Well could you direct me somewhere that I can get some of this info., if you don't want to post it, you could email it.

Heres some quotes from Gosei:

"My father loved combat. He was the first to teach free combat in Karate. Before him nobady did. He practiced it and he taught it. They did not practice free kumite in Okinawa, but he did".

"My father changed many things. In Okinawa you had to learn by yourself. In Japan, on the other hand, you learn in groups, in schools. My father changed the educational system for schools, universities...for big groups".

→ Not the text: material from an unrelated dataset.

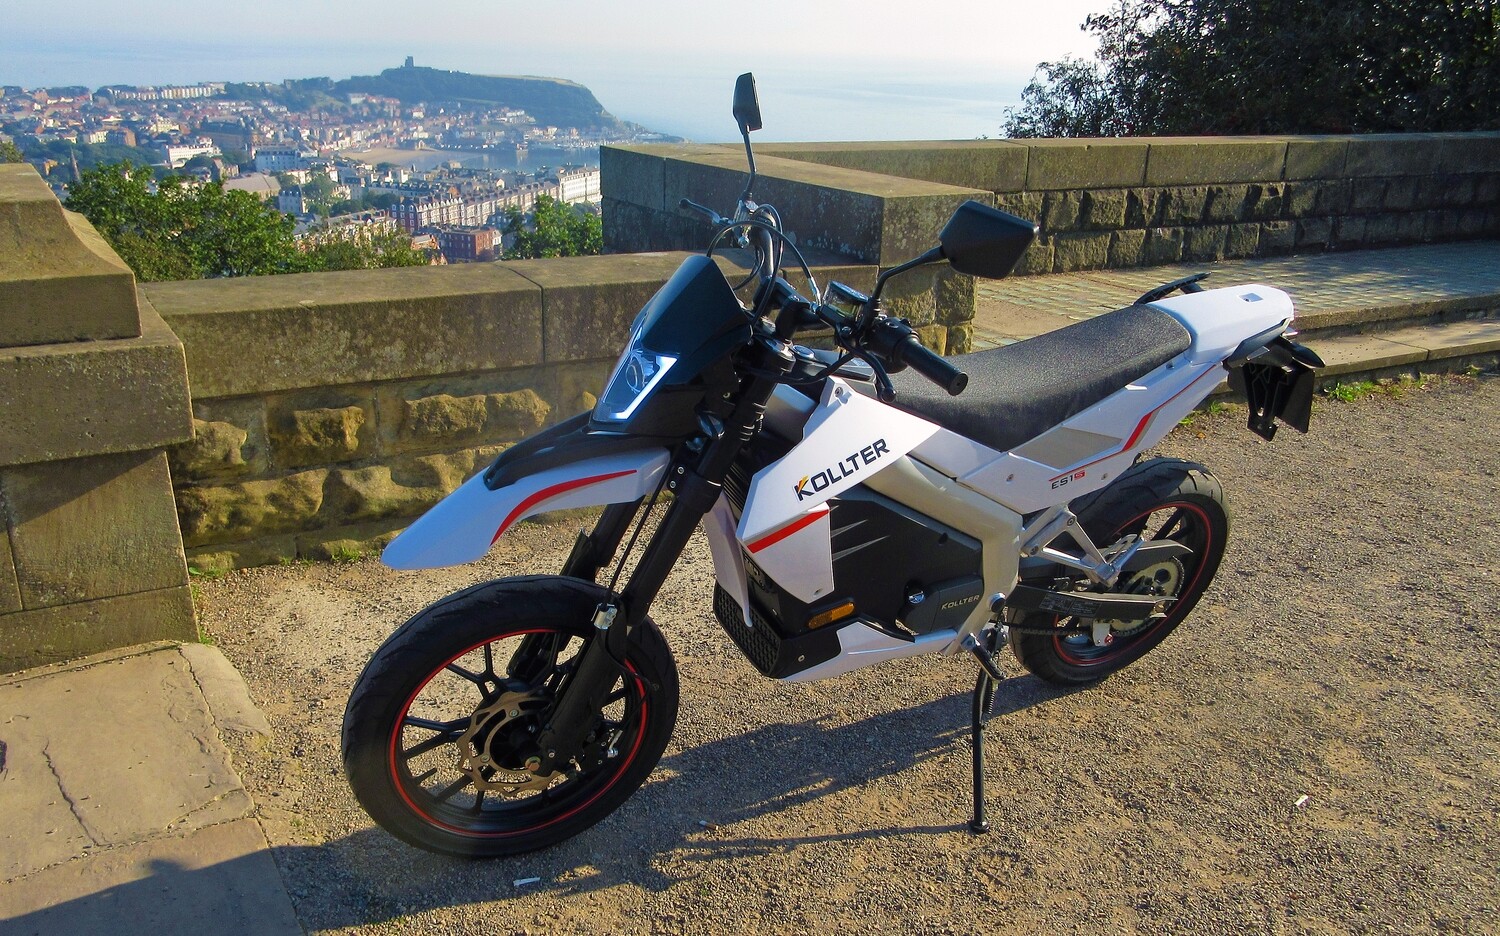 Kollter Es-1 Road Electric Motorcycle
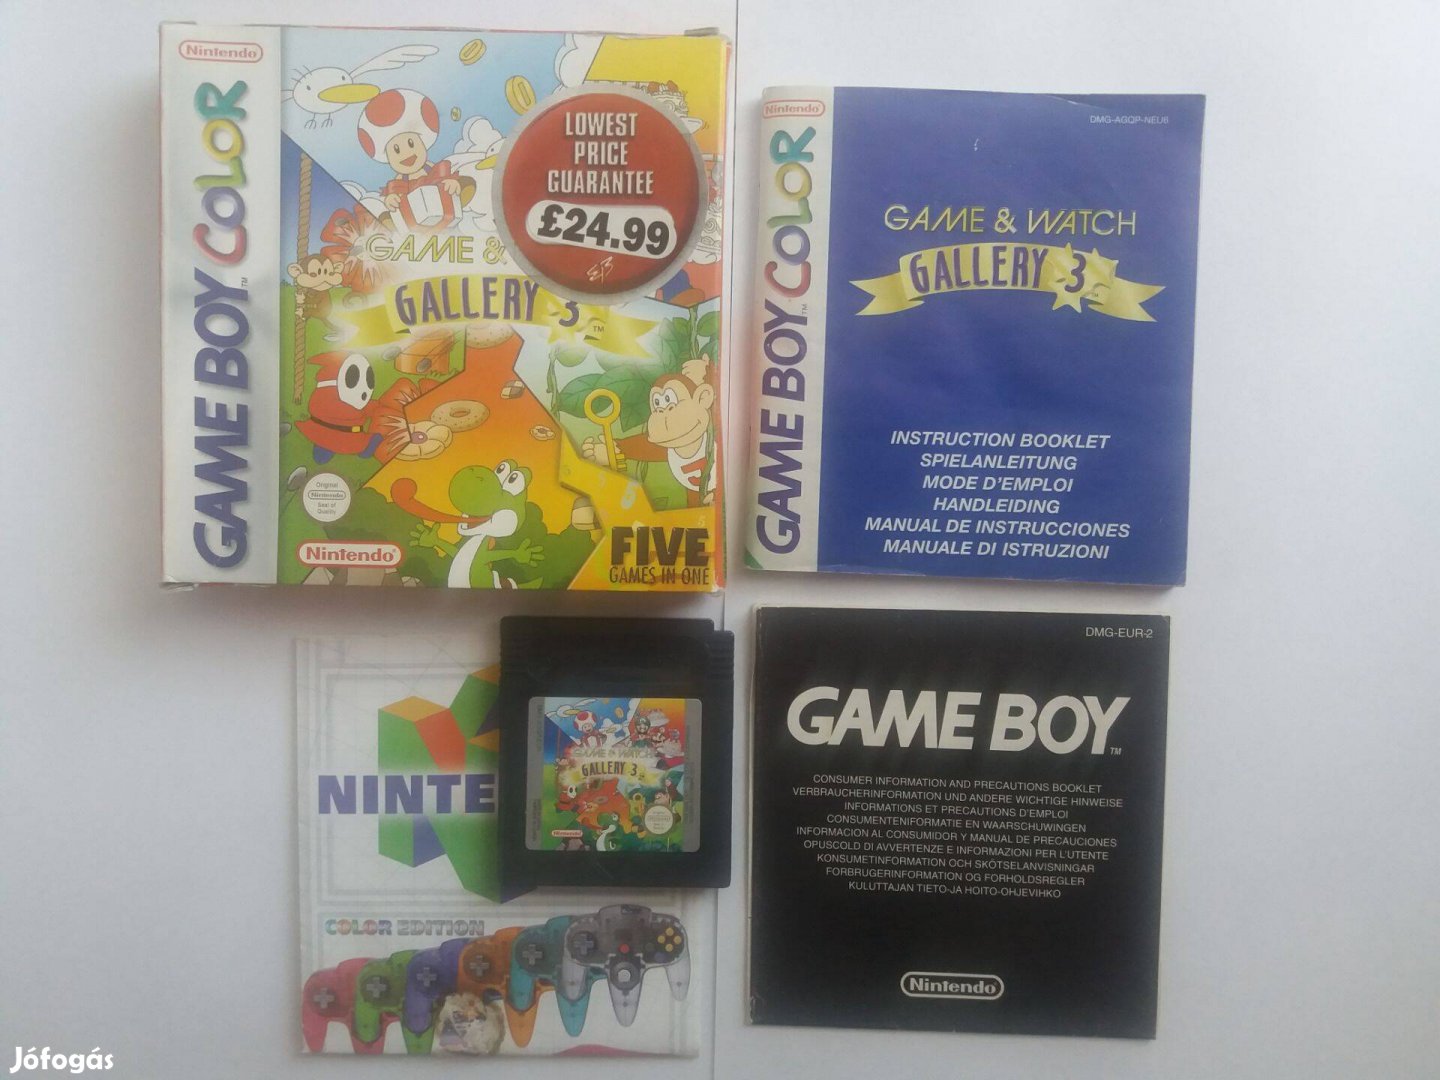 Gameboy Game and Watch Gallery 3 Game Boy játék ajándék tokban

"My father was very famous and Karate practioners from all over the world came to the dojo. I was the masters son and I remember I had to fight them all".


----------



## RyuShiKan (Mar 25, 2003)

> _Originally posted by akja _
> *Well could you direct me somewhere that I can get some of this info., if you don't want to post it, you could email it.
> 
> Heres some quotes from Gosei:
> ...




Here is a perfect example.
Taira Shinken, Motobu Choki, Nakamura Shigeru all did free kumite long before Yamaguchi Gogen.



> _Originally posted by akja _
> *"My father changed many things. In Okinawa you had to learn by yourself. In Japan, on the other hand, you learn in groups, in schools. My father changed the educational system for schools, universities...for big groups".*




Funakoshi was responsible for most changes made in the schools and Universities in Japan not Yamaguchi.


----------



## James Kovacich (Mar 25, 2003)

> _Originally posted by RyuShiKan _
> *Here is a perfect example.
> Taira Shinken, Motobu Choki, Nakamura Shigeru all did free kumite long before Yamaguchi Gogen.
> 
> ...



I figured that would get you talking. I'll read the rest of the article.


----------